Он еще постоял, наблюдая за передвигавшимися внизу людьми. Но потом решил спуститься и держать в поле зрения старшего рейса – так надежнее. Перспектива – «добираться поездком» никак не входила в его планы. Но как только он собрался это сделать, диктор объявила для вахты, летевшей в Советский, сектор и номер стойки. Так что старшего с главным увидеть удалось только там. А с дефектоскопистом они встретились уже в накопителе. Тот, видимо, оказался в нужное время в нужном месте. А потому и контроль прошел до того, как у стойки скопилась очередь.

Всю дорогу до Советского Женя проспал. А проснулся, когда «аннушка», завалившись в крен, стала заходить на круг, снижая высоту.

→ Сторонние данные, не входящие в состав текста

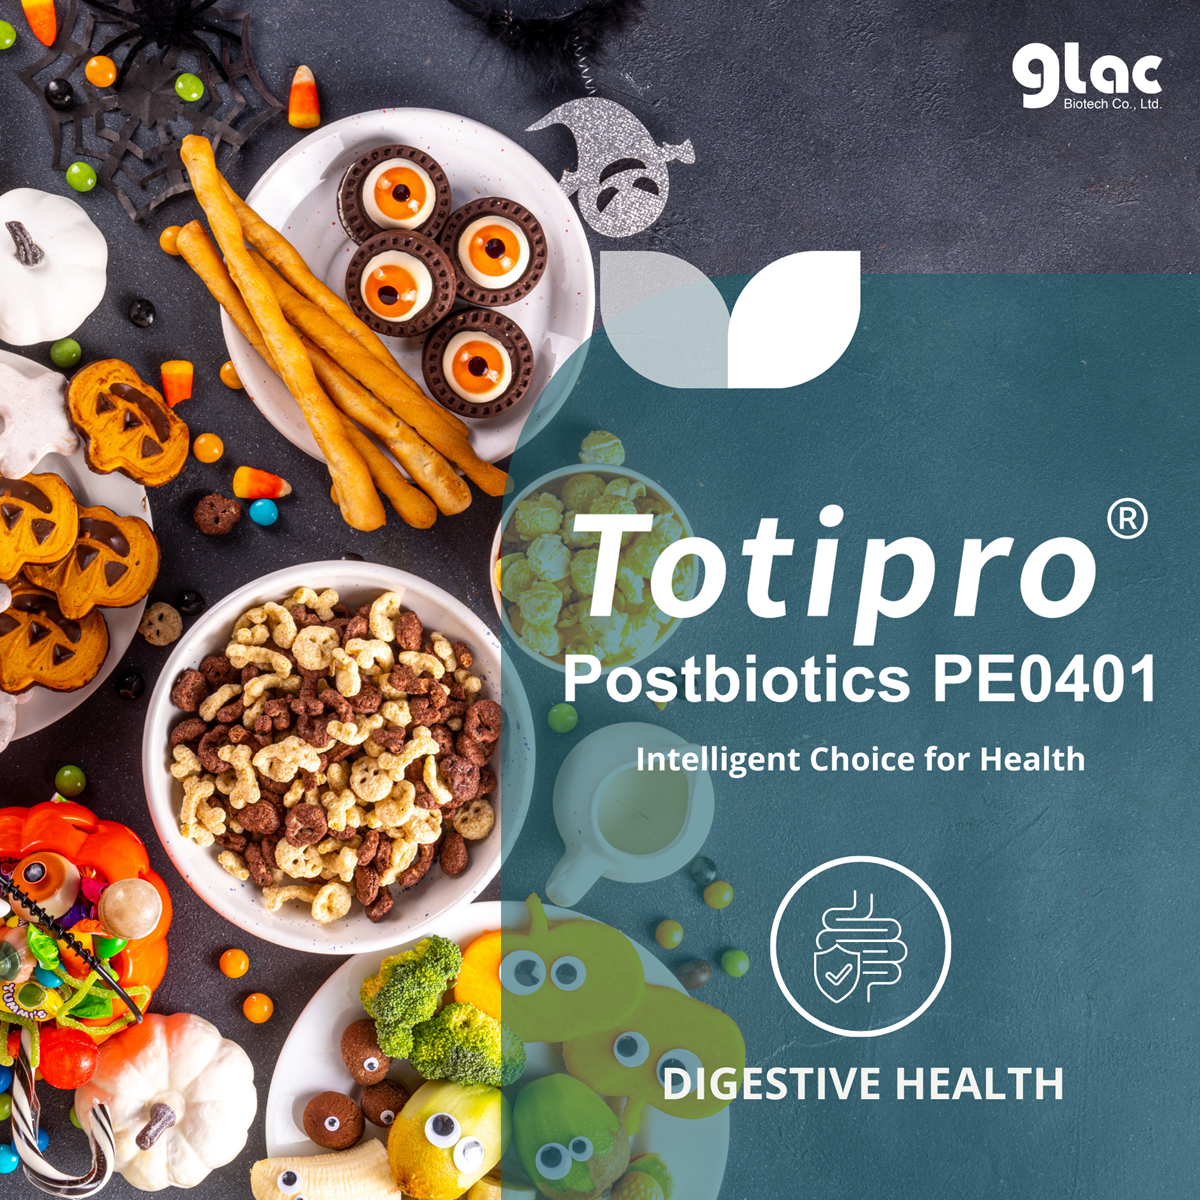 Totipro®Postbiotics PE0401 for Digestive Health Application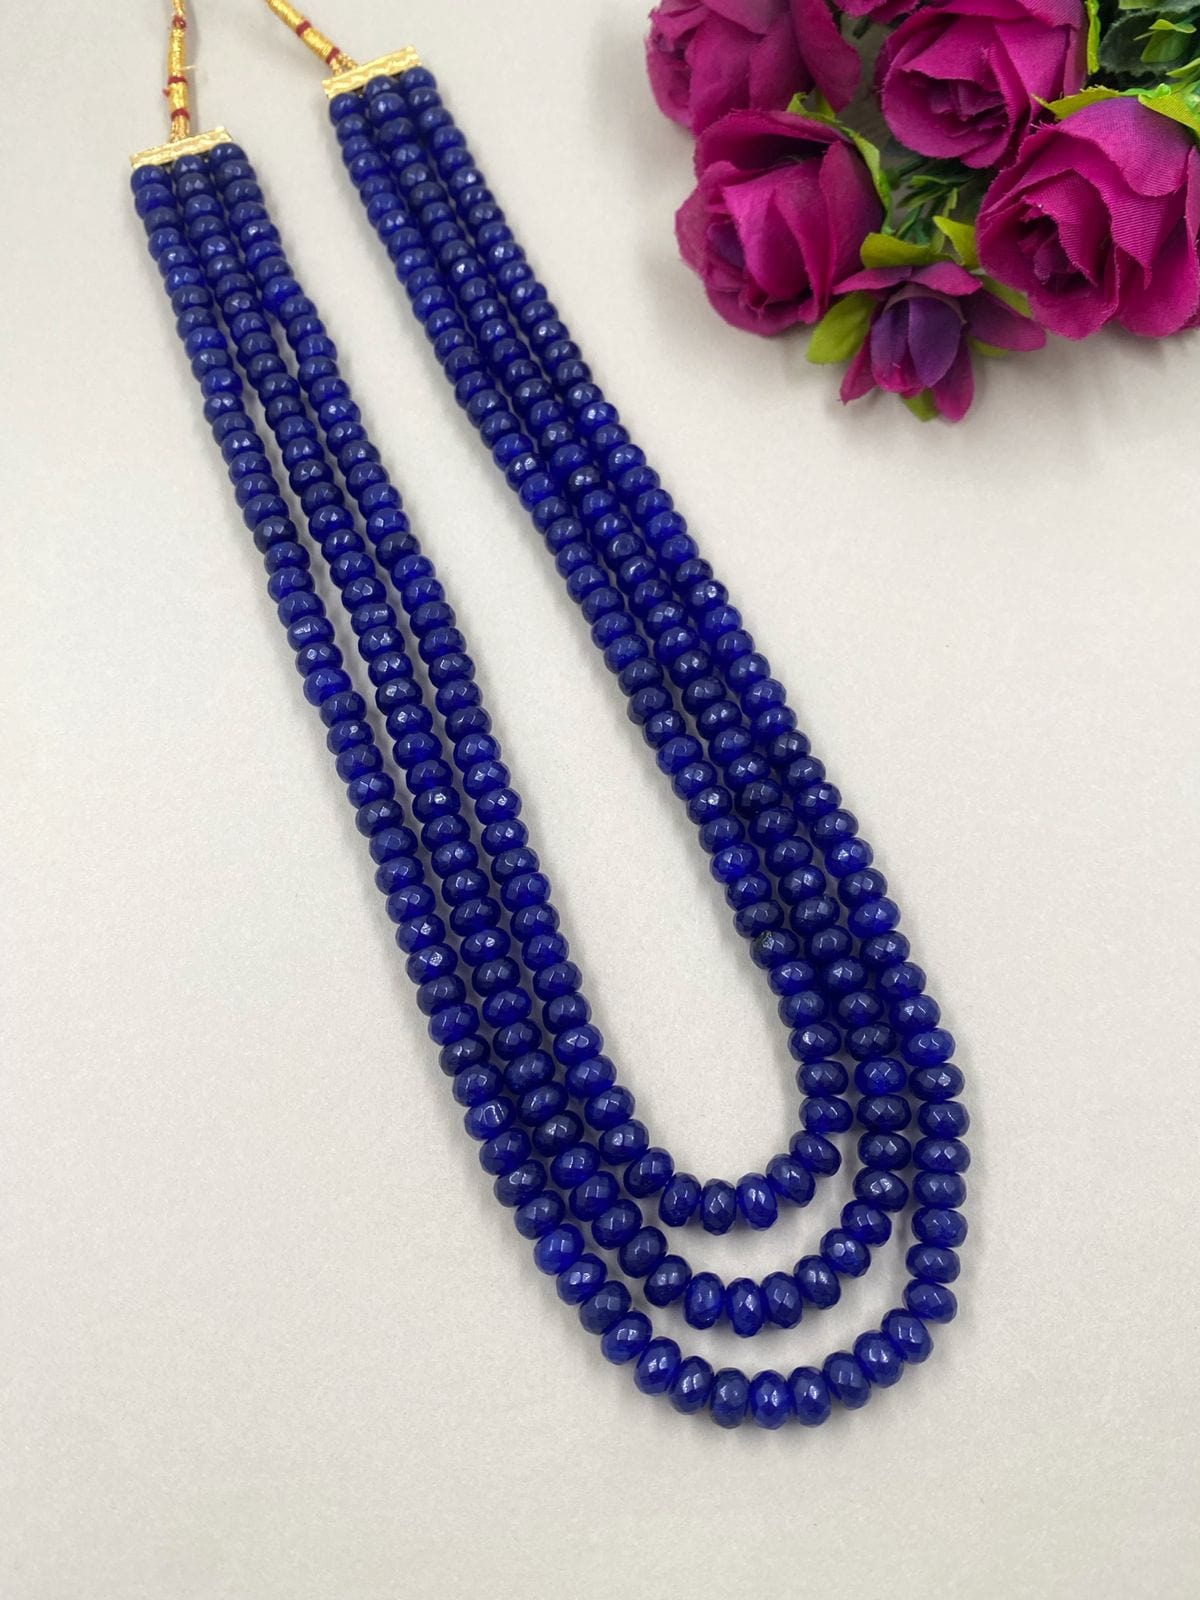 Chevron Millefiori Beads, African Art Trade Beads Necklace

Перед самым пробуждением ему показалось, что он вместе с креслом падает набок. Уши заложило – снижение оказалось слишком быстрым. И вскоре самолет, издав специфический звук соприкосновения шин с поверхностью поля, покатился по взлетной полосе. Включив реверс тяги, и увеличив обороты двигателей, он взревел, упираясь винтами в воздушное пространство аэропорта.

12.

Маша уже у дверей дома, автоматом раскрыв сумочку, покопалась в ней, и, не нащупав ключей сразу, с неохотой сосредоточилась на реальности.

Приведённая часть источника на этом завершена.